Here is the one I have been waiting for... The alternate jade with the laser engraved dragon... 
Ken Nelson (http://www.kallenshaanwoods.com/) did the most beautiful laser engraving I have ever seen from a my artwork to fit the pen.... 
The engraving wraps around about three quarters of the pen and the detail is amazing... a lot of the scales are about 1/32" in diameter and each is clearly seen.
This was a bear to photograph because of the way the engraving wraps around the pen... you really have to see it up close to really get the effect and appreciate the beauty..
I photographed it from 3 angles and hope you get an idea of what was done. For some reason the bottom finial came out dull, but it is a bright at the top... 
It is built on a Jr Statesman with 22K trim.
This is one of five pieces being donated to the Children's Hospital Auction...


----------



## Rifleman1776 (Sep 24, 2005)

"This was a bear to photograph ..." It looks more like a dragon to me. [] I don't usually comment on non-wood pens but this one is beyond ordinary. Aside from your customary excellent workmanship, you have an elegant, rich looking writing instrument and piece of jewelry there. It should command a high figure at the auction. Very generous of you to donate. p.s. I do prefer this version with the dragon the full length of the pen compared to your earlier prototype with only the top barrel engraved.


----------



## btboone (Sep 24, 2005)

Very nice Tom!  It adds just so much to the pen.  The bottom finial is simply reflecting the base that it's on.  For a different effect, just add some stuff that will reflect in the mirror surface on the floor.


----------



## coach (Sep 24, 2005)

[][][][][][][][][][][][][][][][][]


----------



## pastorbill1952 (Sep 24, 2005)

Griz, that is a an outstanding pen but nothing less than what I have come to expect from you.


----------



## ctEaglesc (Sep 24, 2005)




----------



## wicook (Sep 24, 2005)

Very nice, Tom! You are indeed a 
	

	
	
		
		

		
		
	


	




...it's a wizard if you haven't guessed... []


----------



## woodscavenger (Sep 24, 2005)

Nicely done.  Nice tip Bruce.  I would never have figured it out.


----------



## wdcav1952 (Sep 24, 2005)

Damn Griz!!!!!


----------



## arjudy (Sep 24, 2005)

Fantastic, Stupendous, Awesome.  In the Tour de France they rate climbs in the mountains as category 1-5, with category 1 being the most difficult, and then they have another one called beyond category which is  a climb so steep it is 'beyond category'.
Lance Armstrong has mastered the beyond category climbs and you are master of the beyond category pens.  Simply stunning!


----------



## Ron Mc (Sep 24, 2005)

Tom,
Very nice!!


----------



## melogic (Sep 24, 2005)

I tip my hat to you Griz. Fantastic work of art and craftsmanship. [][][]


----------



## jwoodwright (Sep 24, 2005)

Very Impressive and for a Great Cause.  Put's you at the Top of a Short List...[:I]


----------



## Jim in Oakville (Sep 24, 2005)

What an incredible pen!!!!

I love the engraving!!  I am one of 6 families that travelled to China to adopt about 7 1/2 years ago, I would love to make a pen like this for each of the parents in our group...was  the dragon a stock design or one of your own?

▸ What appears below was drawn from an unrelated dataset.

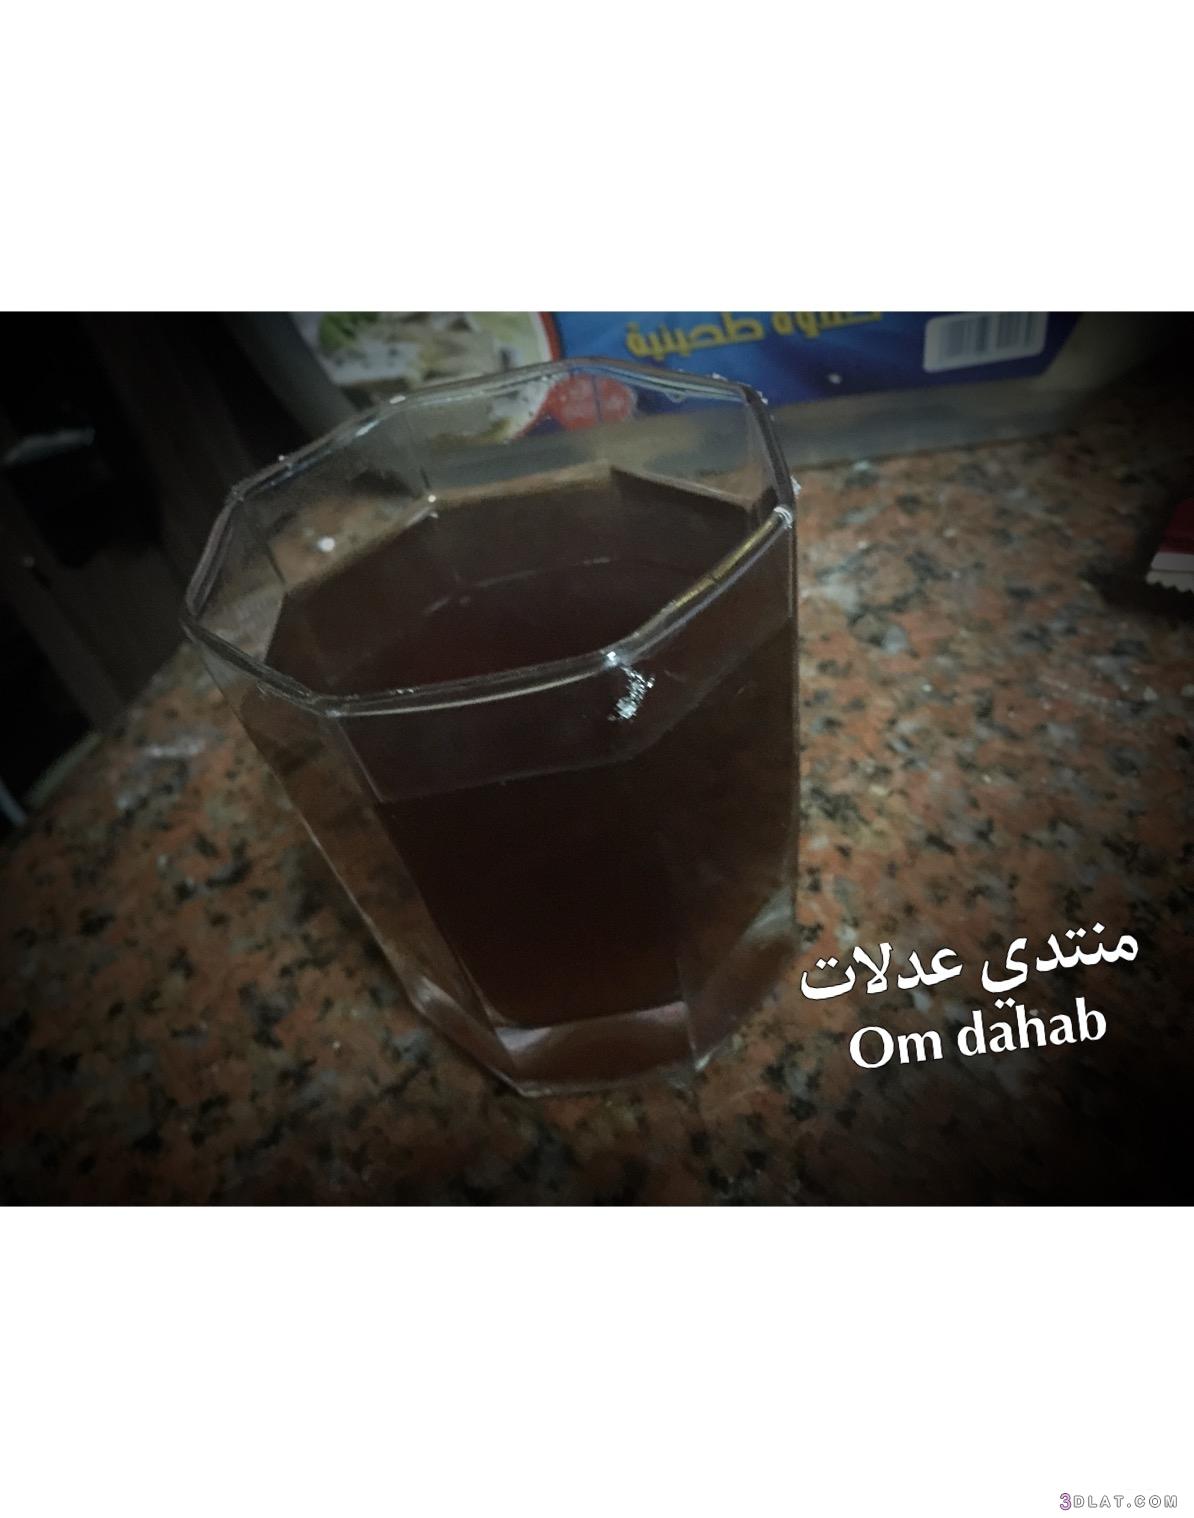 التمر, حصري،, رمضان, طريقه, لرمضان, مشروب, مشروبات, هندي, ٢٠١٩،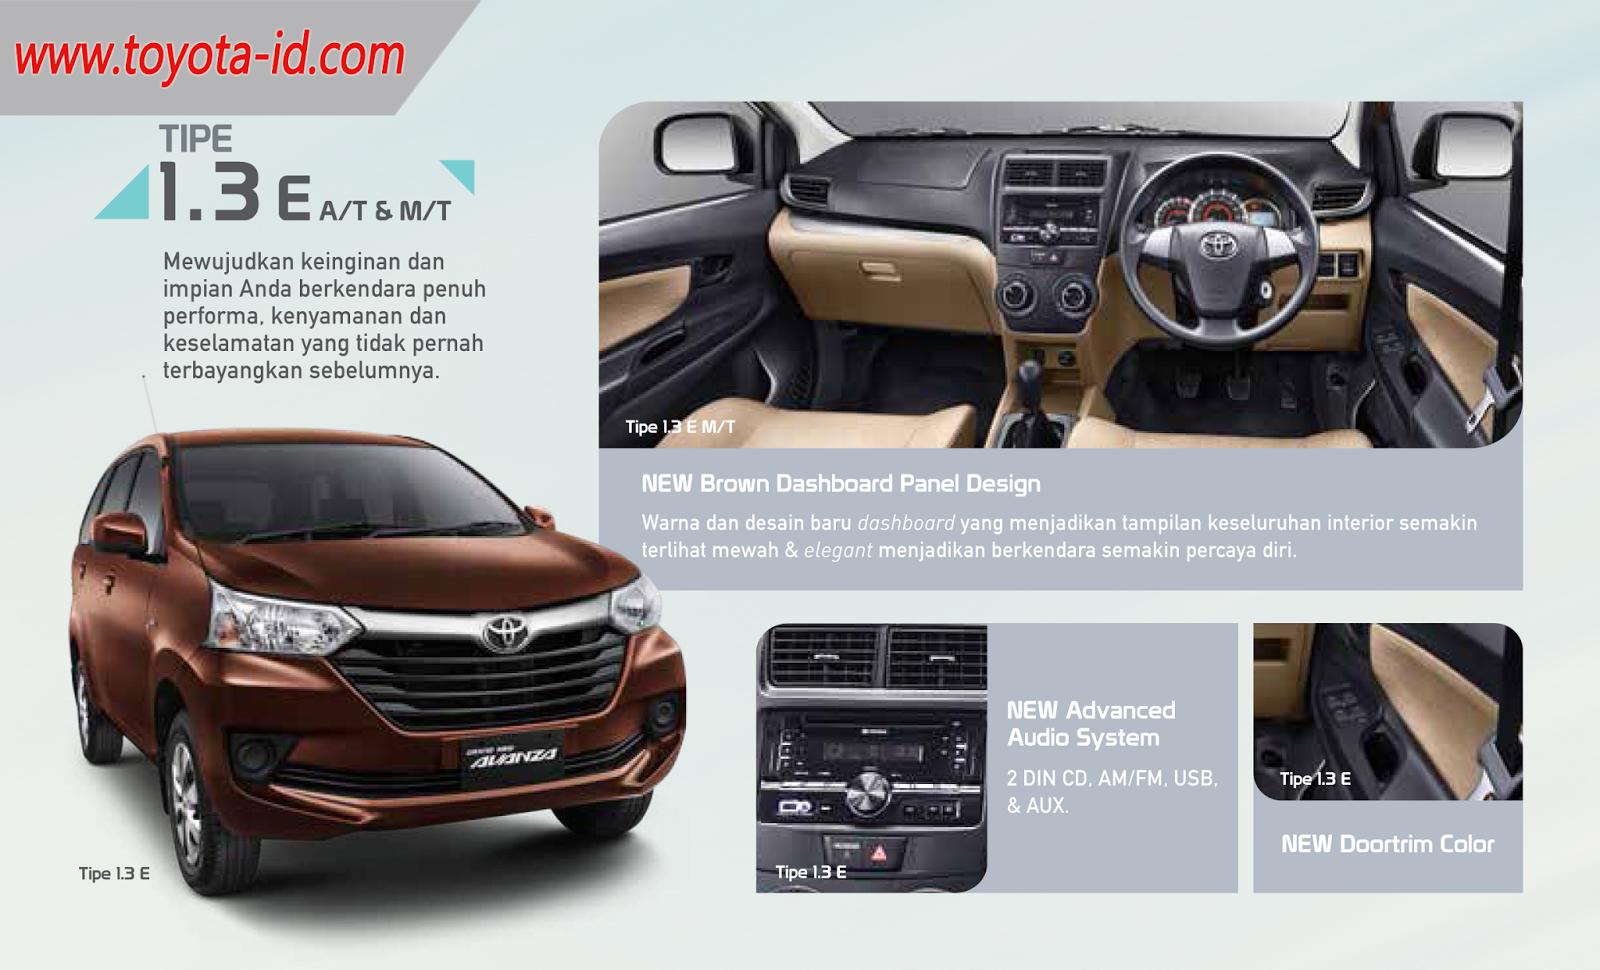 spesifikasi toyota grand new avanza 2015 | toyota astra indonesia

Thanks for any help in this,


----------



## PenWorks (Sep 24, 2005)

AAAhhhhhhsssoo Tommy-son......
Very artistic pen. [] Come out wonderfull.
Now go find a Shouwlin Priest who has some money, but that could be tuff []


----------



## YoYoSpin (Sep 24, 2005)

Stunning, in all respects...very well done.


----------



## alamocdc (Sep 24, 2005)

Tom, I knew it was going to look good, but I'm blown away! Not that I can compete with most of you anyway, but that was the last nail in my coffin, I'm afraid. [] But it's all for the kids and that's the important thing. []


----------



## angboy (Sep 25, 2005)

Very nice pen! The alternate jade looks great and quite fitting for this engraving. I just have one big problem with it... I'm very new to this and I was thinking about donating a pen or two for this auction, it's certainly a great cause. But if pens like this are going to be there, I'm kind of afraid to send any I make in!! I'd feel really bad if my pen(s) got no bids considering all the great pens people will have to choose from. Maybe it'll be like in the department stores at Christmas time when they have a special section of stuff that kids can buy for their parents and everything is much lower priced than the rest of the store where the grown-ups are shopping- mine can go in the kids store!


----------



## Glenn McCullough (Sep 25, 2005)

Tom,
   A very well done collaboration. The pen is great by itself, but adding Kens touch, well, he IS the man. What a fine engraving job.


----------



## Old Griz (Sep 25, 2005)

> _Originally posted by angboy_
> <br />Very nice pen! The alternate jade looks great and quite fitting for this engraving. I just have one big problem with it... I'm very new to this and I was thinking about donating a pen or two for this auction, it's certainly a great cause. But if pens like this are going to be there, I'm kind of afraid to send any I make in!! I'd feel really bad if my pen(s) got no bids considering all the great pens people will have to choose from. Maybe it'll be like in the department stores at Christmas time when they have a special section of stuff that kids can buy for their parents and everything is much lower priced than the rest of the store where the grown-ups are shopping- mine can go in the kids store!



Don't let the pens that other turners are making stop you from donating to the cause... Do you honestly believe that all my pens are this nice... IF SO.. thank you very much.. but in reality, this is a one of a thousand kind of pen.  I was lucky enough to have a piece of material that no one else had and an idea that I was able to collaberate with Ken Nelson on and he then did the incredible engraving... I honestly hope it brings a bucket full of money to the Hospital.. 
But believe it or not, there are going to be a lot of people bidding on pens that do not have a bucket full of money. I know if I could go to one of the auctions I would be one of them... and I would be looking for a real nice pen that I could afford that was well made and caught my attention.  It might be one of your gigar pens, or streamlines.. or it might be someone else's pen... 
As I understand it there will be more than one auction that the pens are going into... so we need all the pens we can send to Johnny.
I am not exactly sure, but part of the auctions might be verbal bidding and some items might be in silent auctions... I know that that technique is used to keep the auction time to a reasonable limit.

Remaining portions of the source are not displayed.